Legal basis: GDPR Art. 6(1)(b) (contract performance).

10 // YOUR RIGHTS

Under applicable data protection law, you have the right to obtain information about any personal data we hold about you, its origin, recipients, and the purpose of processing. You also have the right to request correction, restriction of processing, or deletion of your data.

To exercise these rights, contact us via litzki-systems.com/contact. Where processing is based on your consent, you may withdraw that consent at any time with effect for the future.

11 // SECURITY

All data transmitted to and from this site is encrypted via TLS. Our infrastructure operates behind Cloudflare's global network. Security headers, HSTS, and strict transport enforcement are active across all nodes.

12 // OBJECTION TO ADVERTISING EMAILS

The use of contact data published within the scope of the imprint obligation for the purpose of sending unsolicited advertising or information materials is hereby expressly prohibited.

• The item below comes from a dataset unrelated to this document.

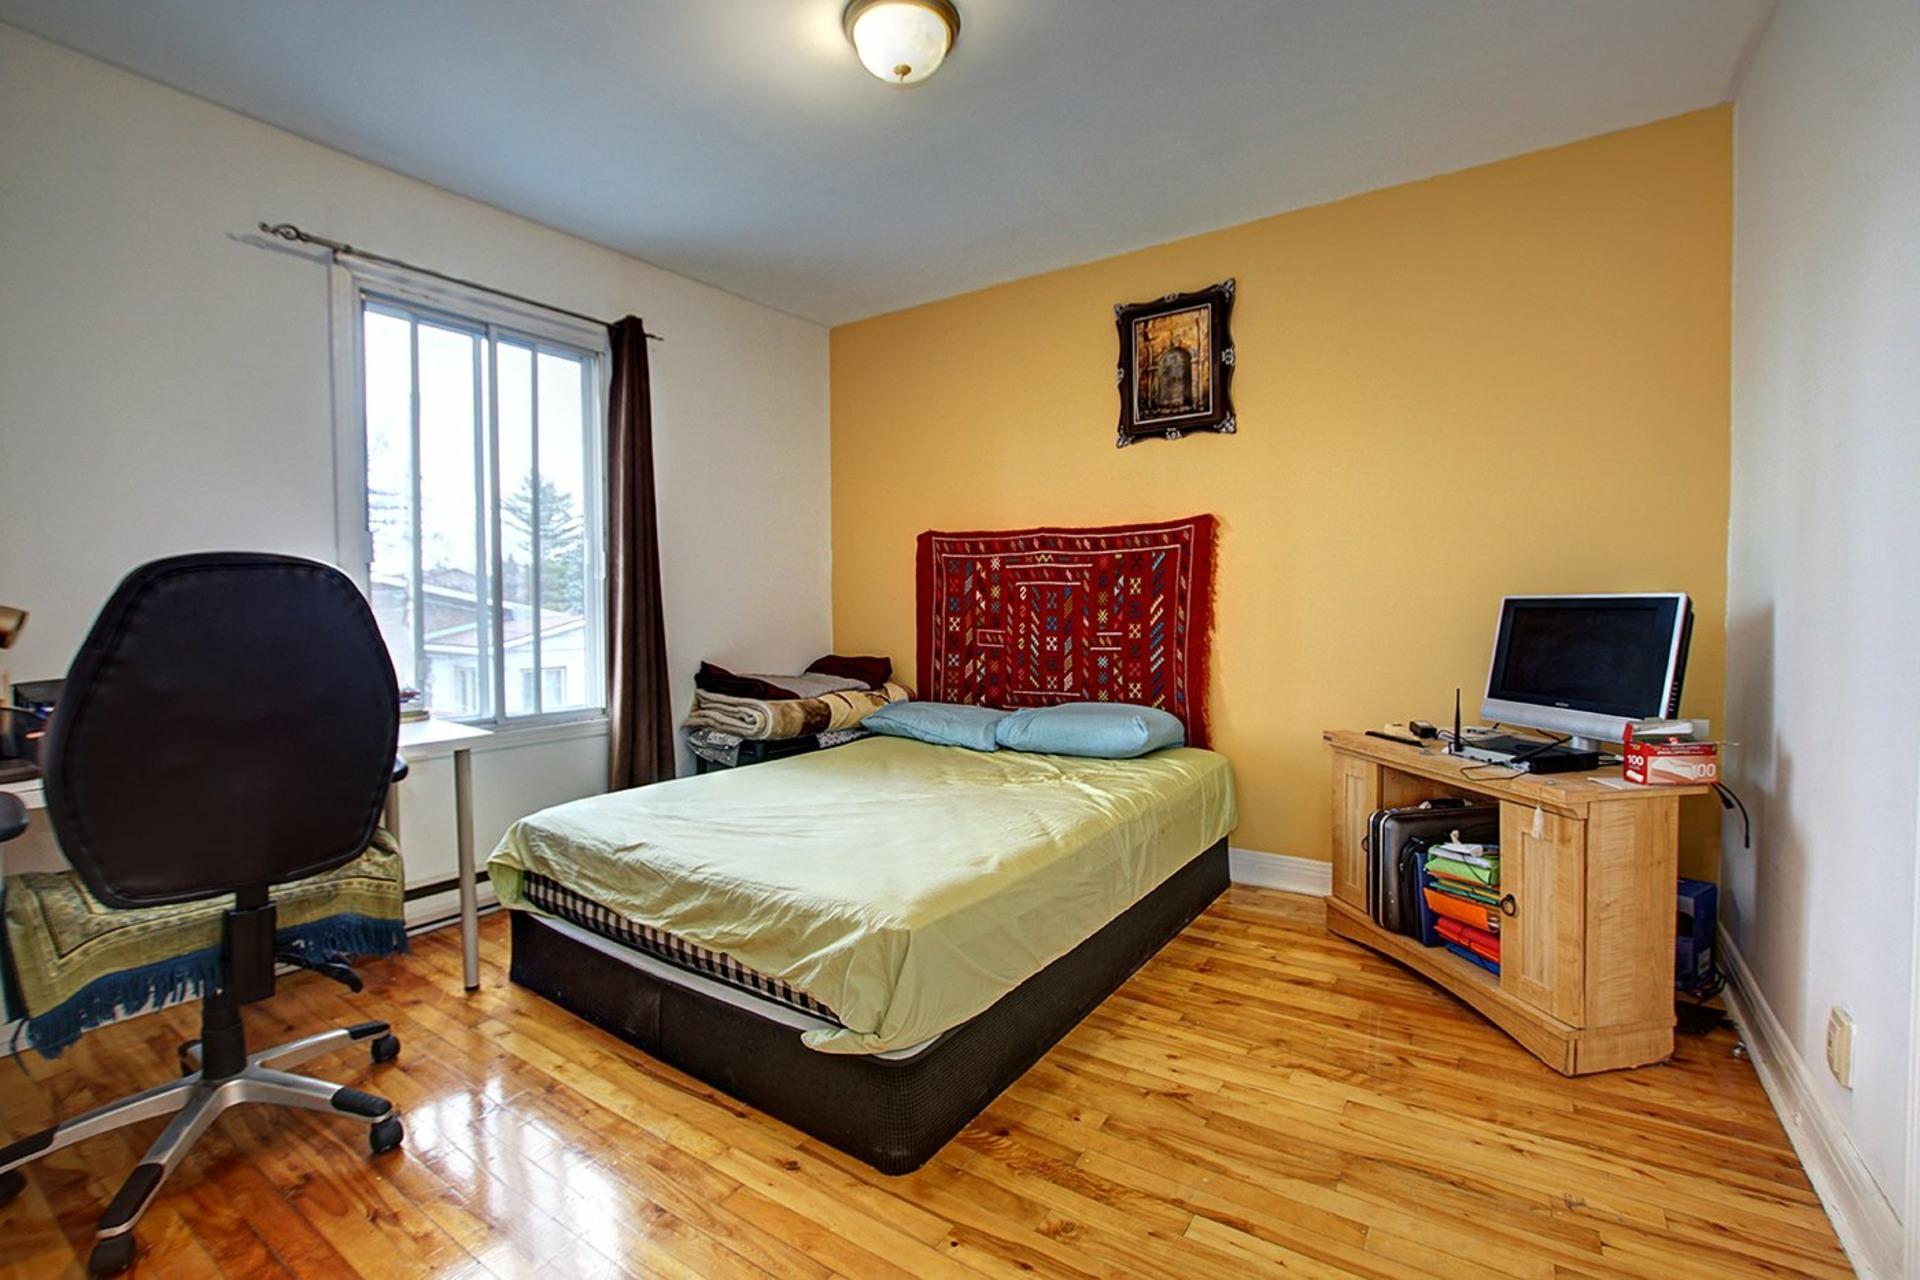 image 7 - Duplex For sale Rivière-des-Prairies/Pointe-aux-Trembles Montréal  - 4 rooms

We reserve the right to take legal action in the event of unsolicited transmission of spam communications.

13 // CHANGES TO THIS POLICY

We reserve the right to update this Privacy Policy to reflect changes in legal requirements or our service infrastructure. The current version is always published at litzki-systems.com/privacy. Continued use of our services after any update constitutes acceptance of the revised policy.